## Problem to solve
Of all the lines below, return only those starting with the line holding "Corona render and materials" and going on through the line holding "Lighting setup is", exactly as written.

## Records for processing
BEGIN
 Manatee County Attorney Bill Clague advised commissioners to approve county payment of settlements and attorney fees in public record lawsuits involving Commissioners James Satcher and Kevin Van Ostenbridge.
END
BEGIN
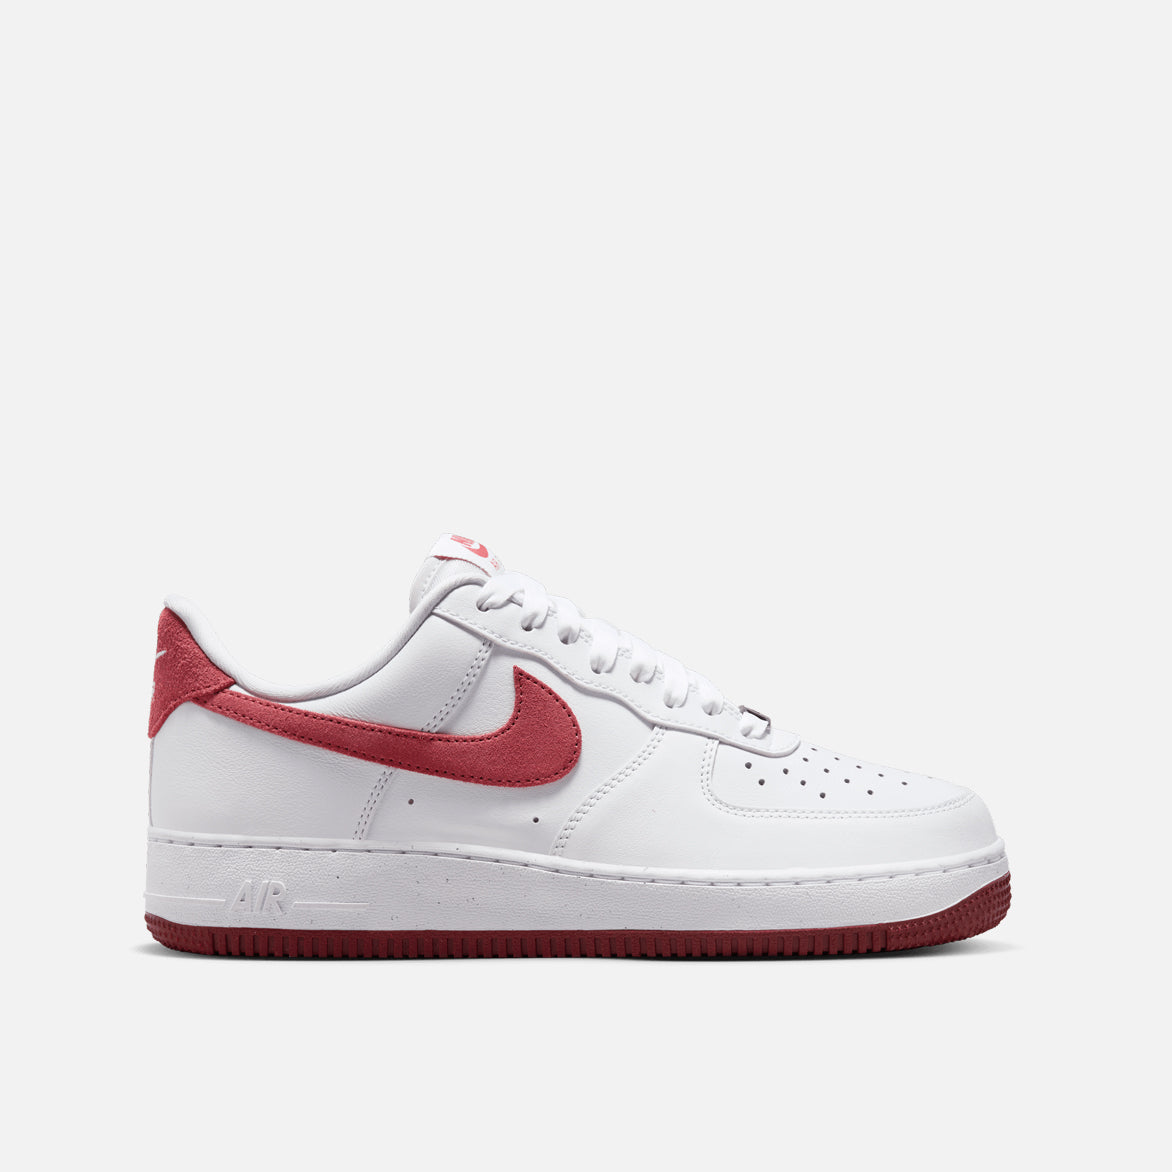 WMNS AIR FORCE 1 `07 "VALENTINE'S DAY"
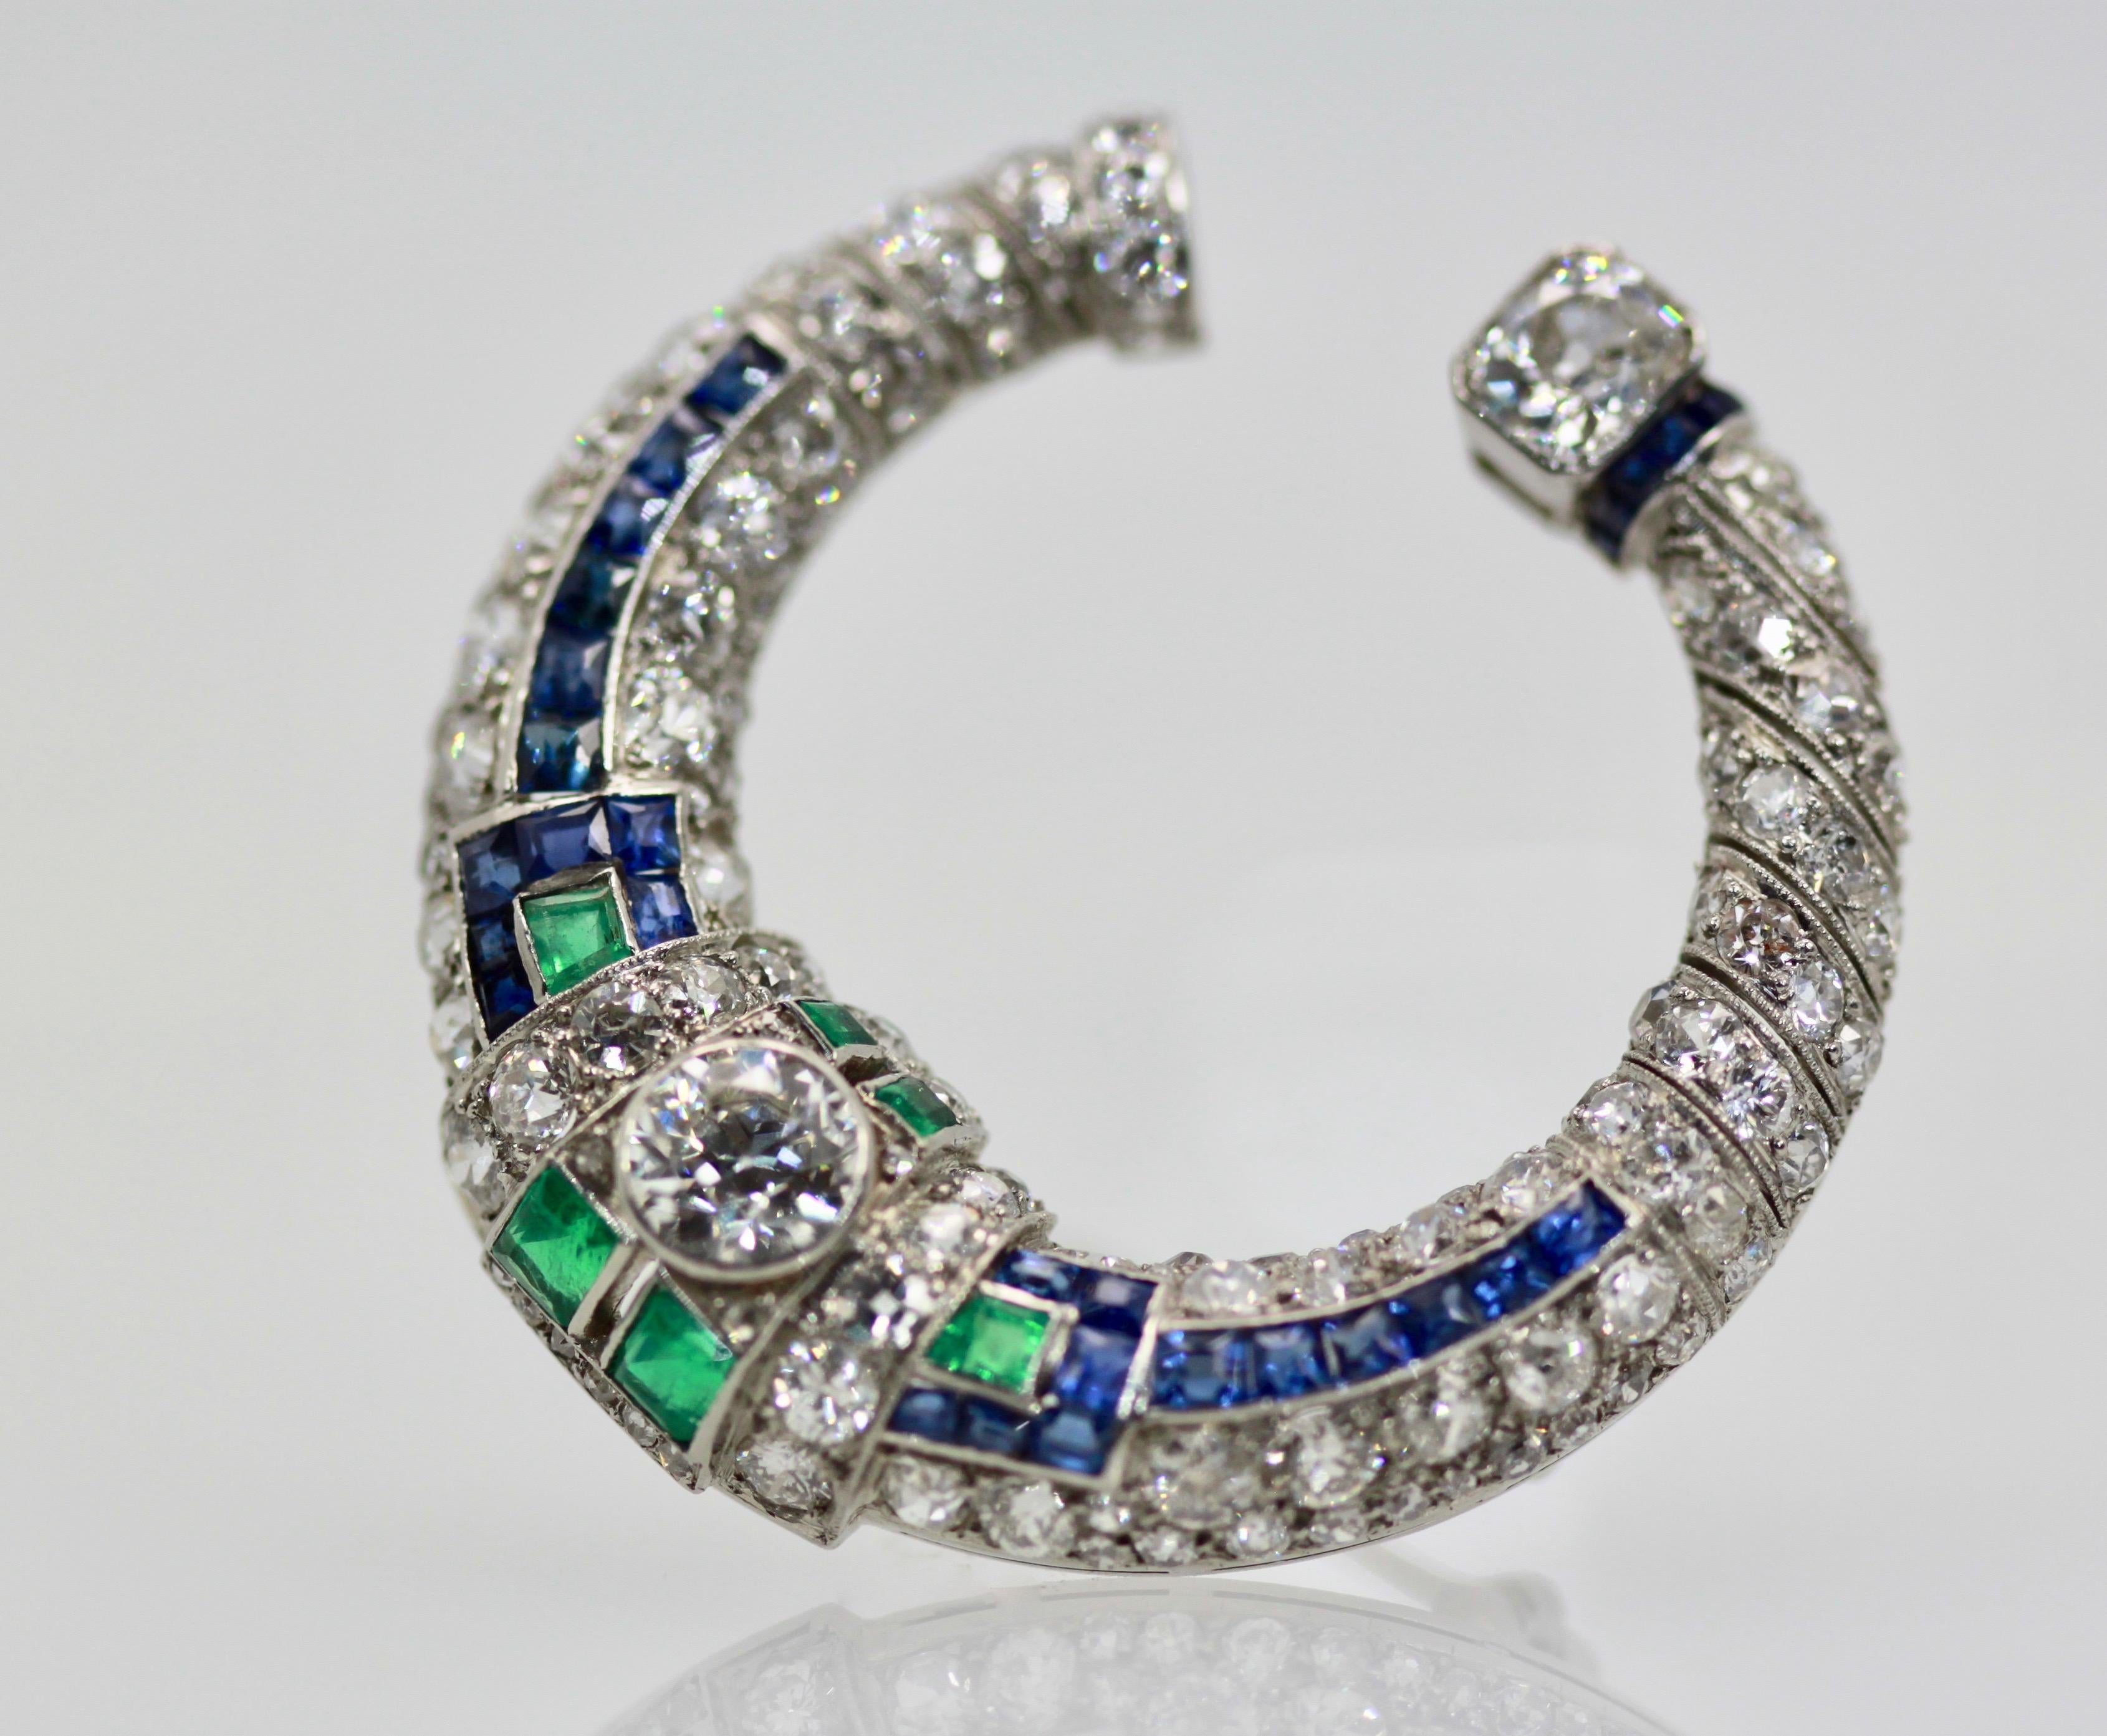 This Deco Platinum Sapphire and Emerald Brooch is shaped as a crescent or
END
BEGIN
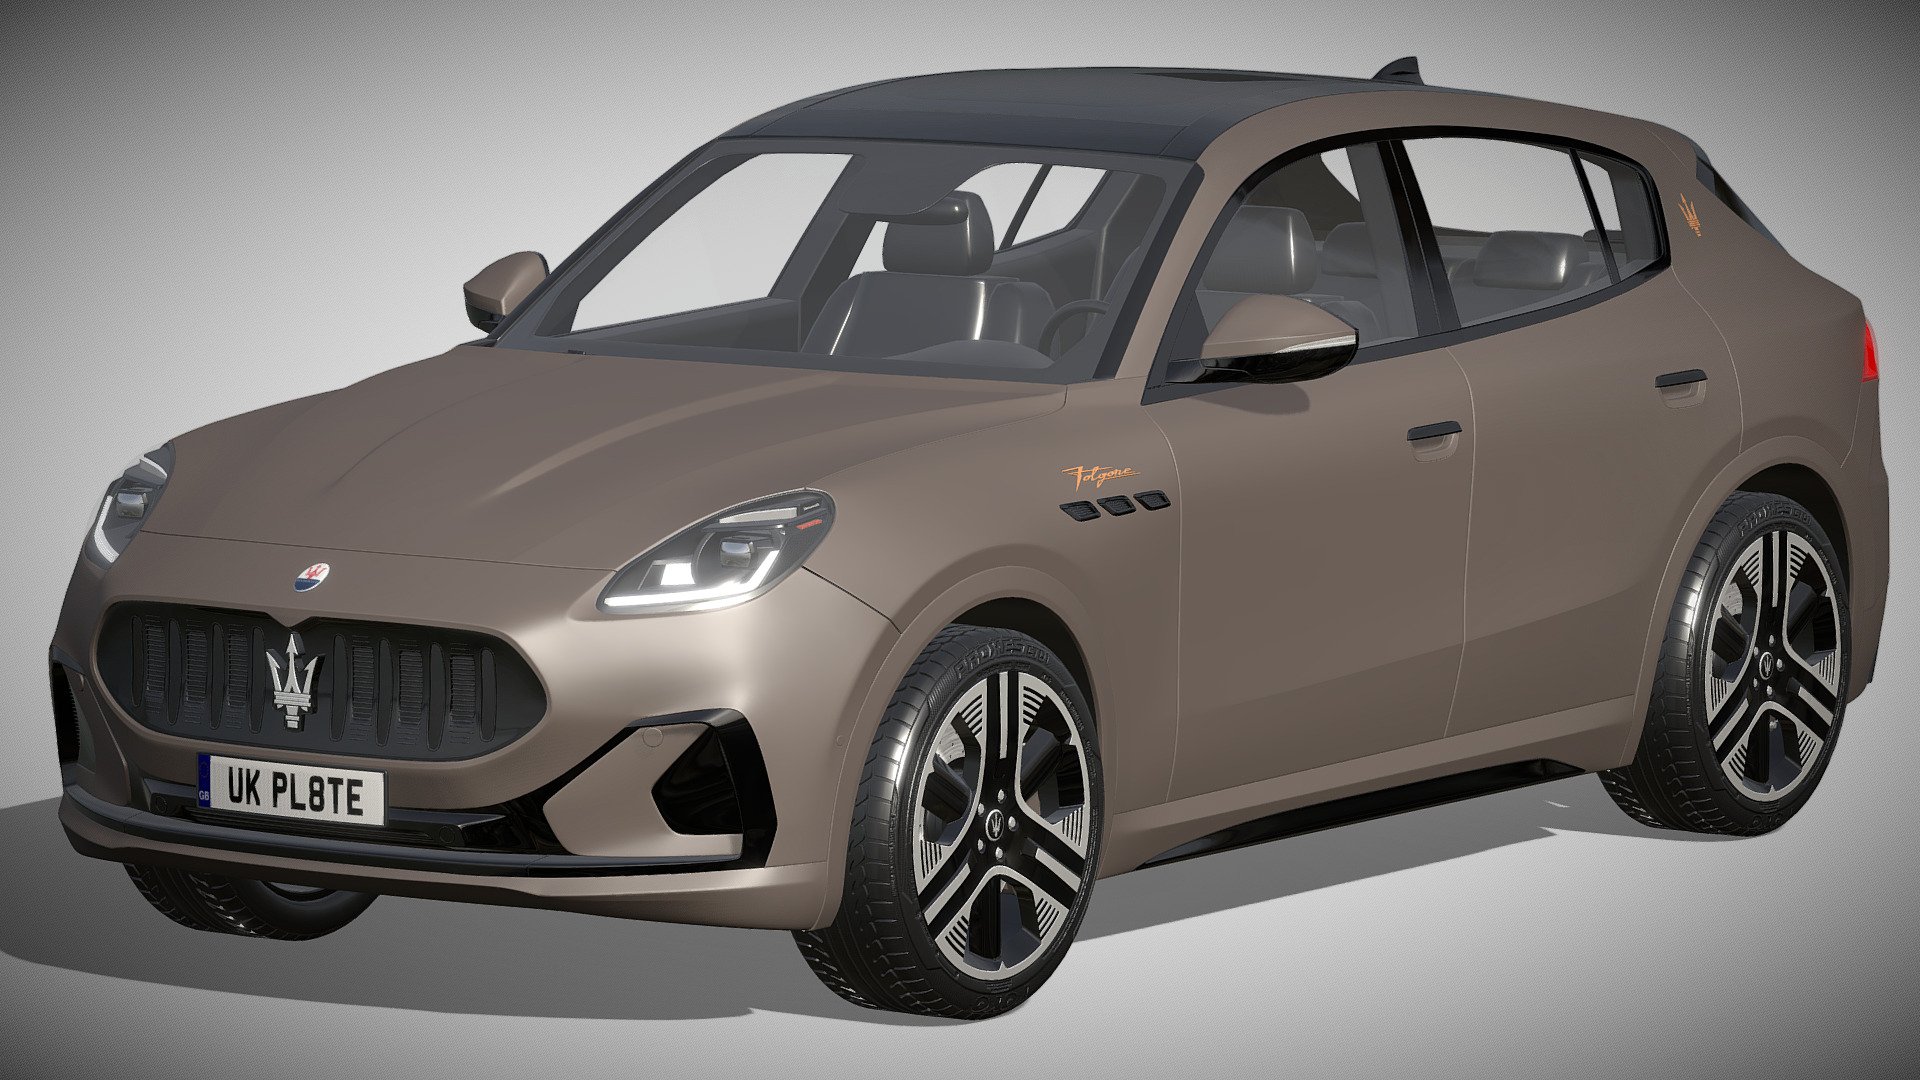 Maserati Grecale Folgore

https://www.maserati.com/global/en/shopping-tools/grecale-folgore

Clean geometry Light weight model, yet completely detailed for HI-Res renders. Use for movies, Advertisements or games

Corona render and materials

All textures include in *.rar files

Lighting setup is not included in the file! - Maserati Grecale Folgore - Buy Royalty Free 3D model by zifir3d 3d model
END
## Result for this task
Corona render and materials

All textures include in *.rar files

Lighting setup is not included in the file! - Maserati Grecale Folgore - Buy Royalty Free 3D model by zifir3d 3d model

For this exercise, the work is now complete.